Orbital order in La0.5Sr1.5MnO4: beyond a common local Jahn-Teller picture

TL;DR

This study reveals that in layered manganites like La0.5Sr1.5MnO4, orbital ordering cannot be accurately determined solely from local Jahn-Teller distortions, highlighting the importance of long-range crystal field effects and anisotropic hopping.

Contribution

It demonstrates that standard local distortion assumptions are insufficient for layered systems and emphasizes the role of long-range effects in orbital ordering.

Findings

Orbital ordering contradicts local distortion predictions.

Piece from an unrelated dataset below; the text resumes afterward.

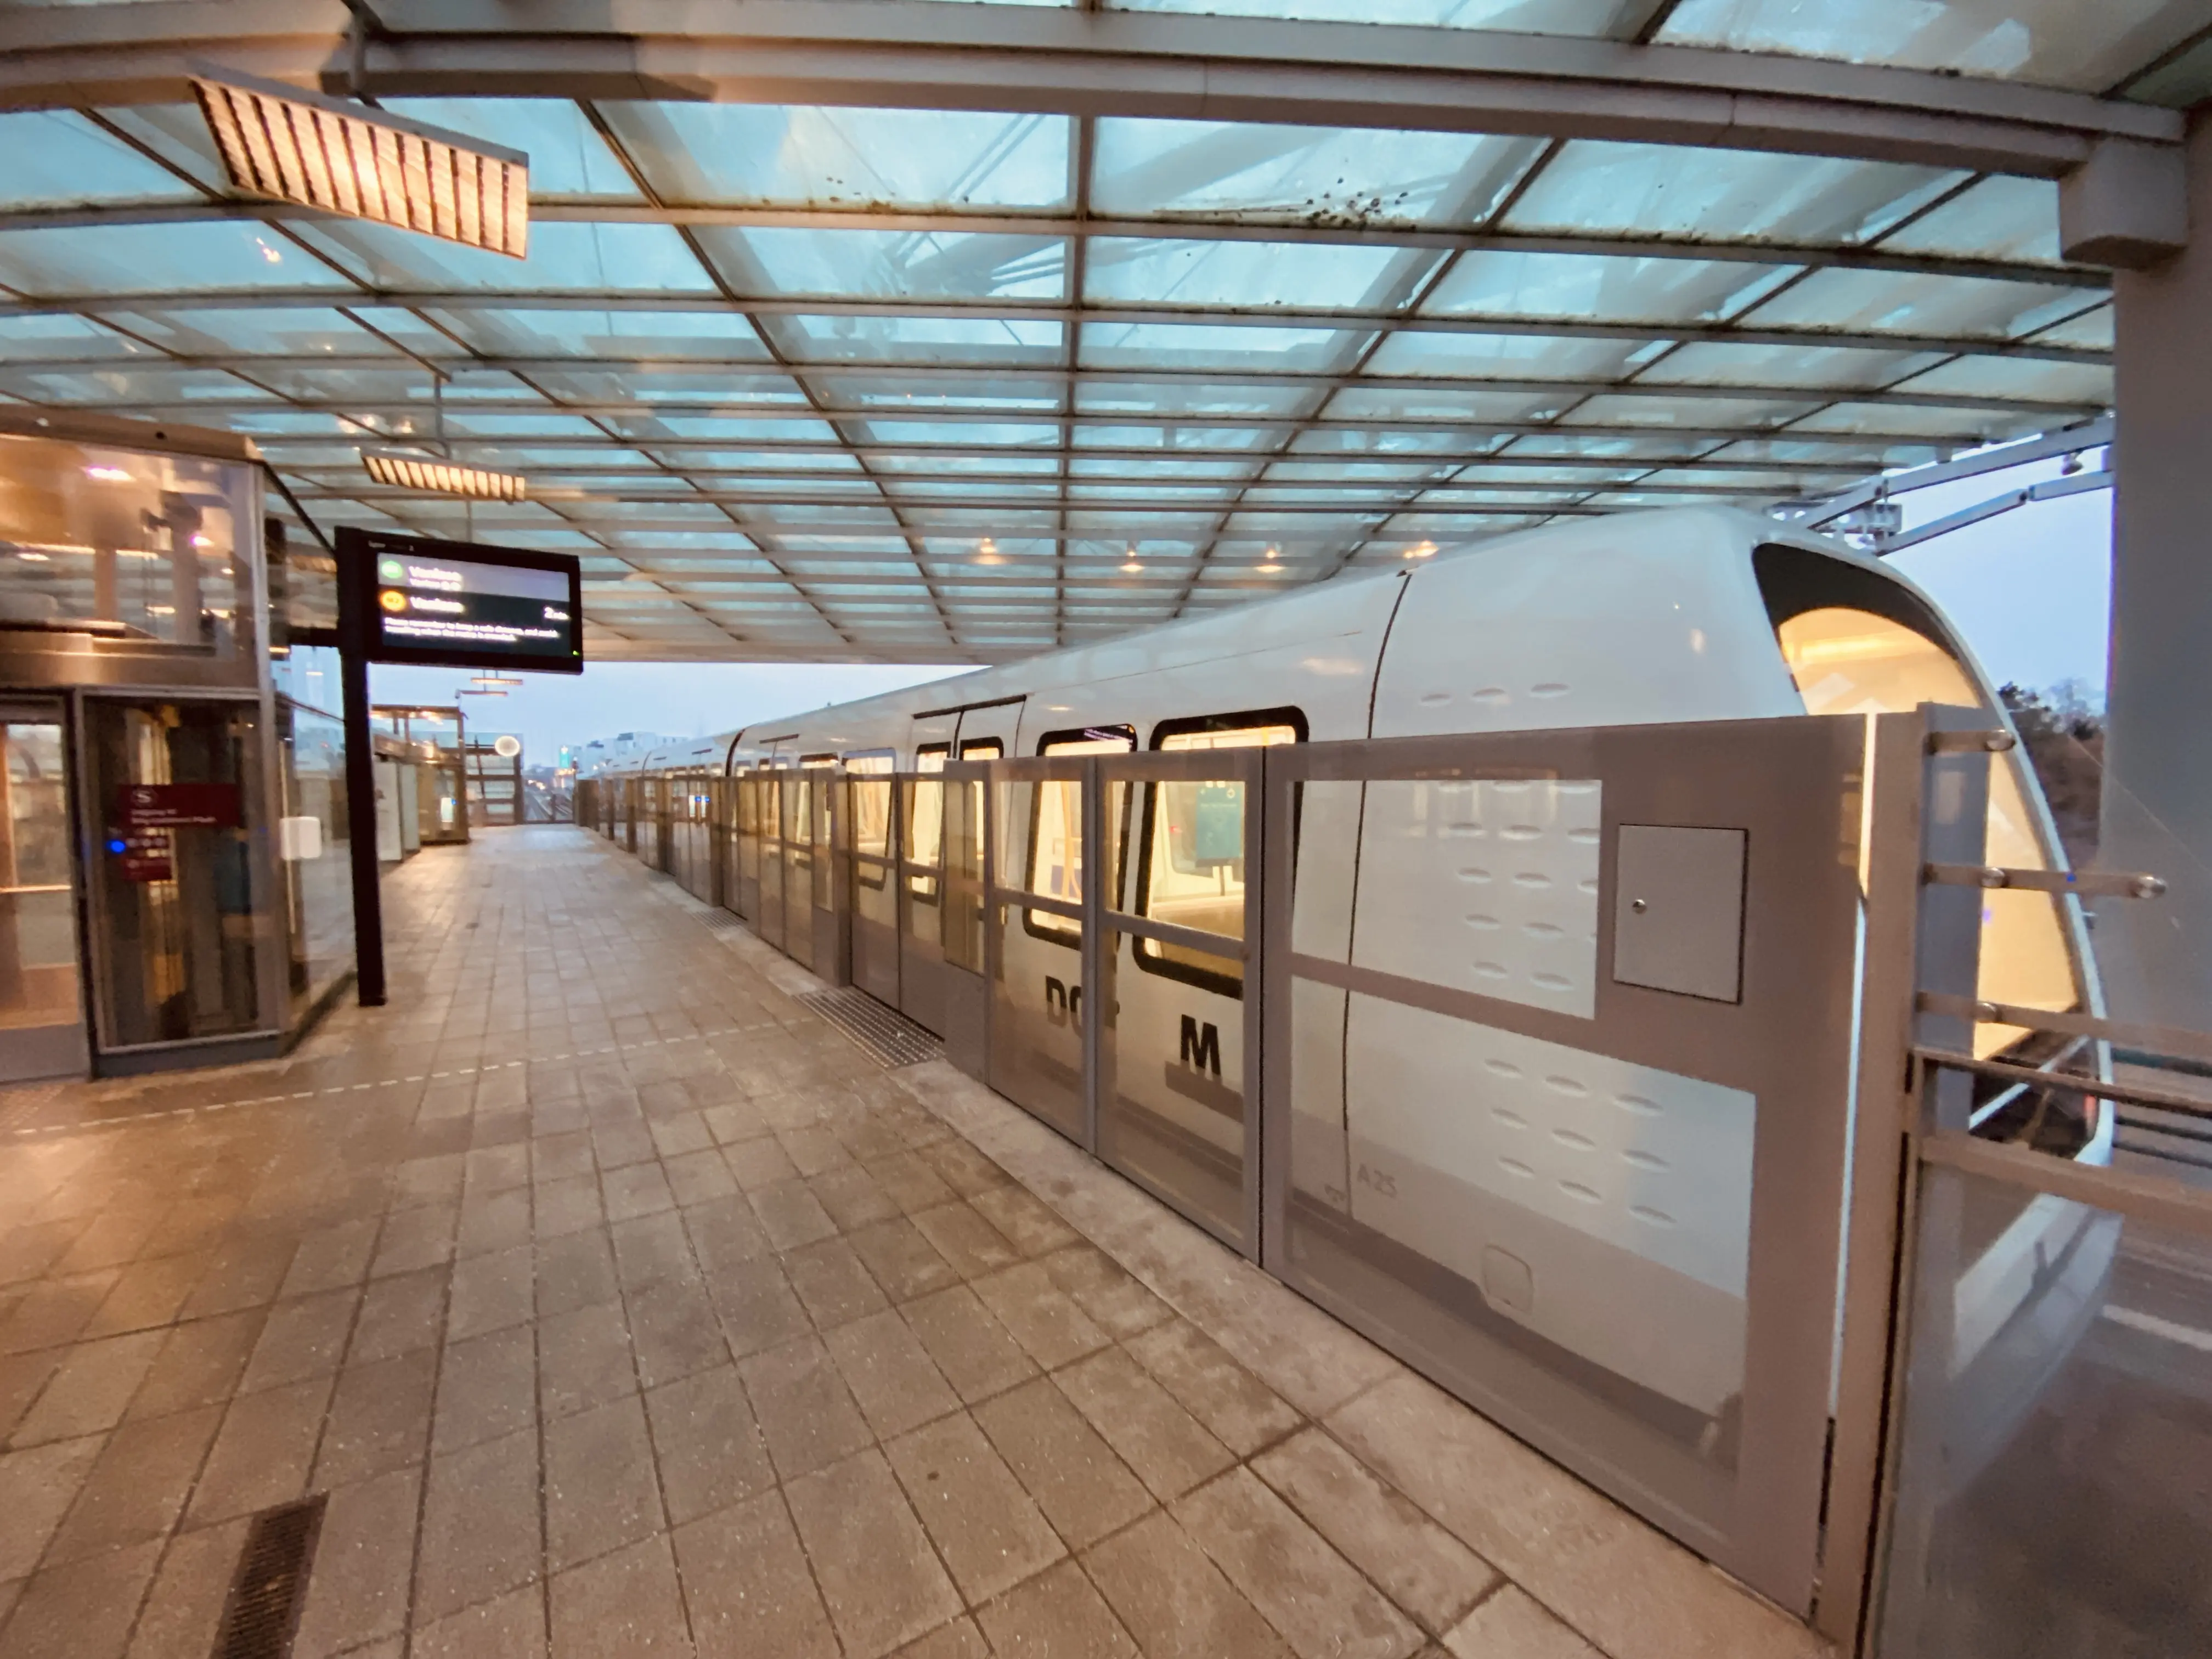 Billede af Flintholm Metrostation.

Long-range crystal field effects are crucial.

Anisotropic hopping influences orbital occupation.

Abstract

The standard way to find the orbital occupation of Jahn-Teller (JT) ions is to use structural data, with the assumption of a one-to-one correspondence between the orbital occupation and the associated JT distortion, e.g. in O6 octahedron. We show, however, that this approach in principle does not work for layered systems. Specifically, using the layered manganite La0.5Sr1.5MnO4 as an example, we found from our x-ray absorption measurements and theoretical calculations, that the type of orbital ordering strongly contradicts the standard local distortion approach for the Mn3+O6 octahedra, and that the generally ignored long-range crystal field effect and anisotropic hopping integrals are actually crucial to determine the orbital occupation. Our findings may open a pathway to control of the orbital state in multilayer systems and thus of their physical properties.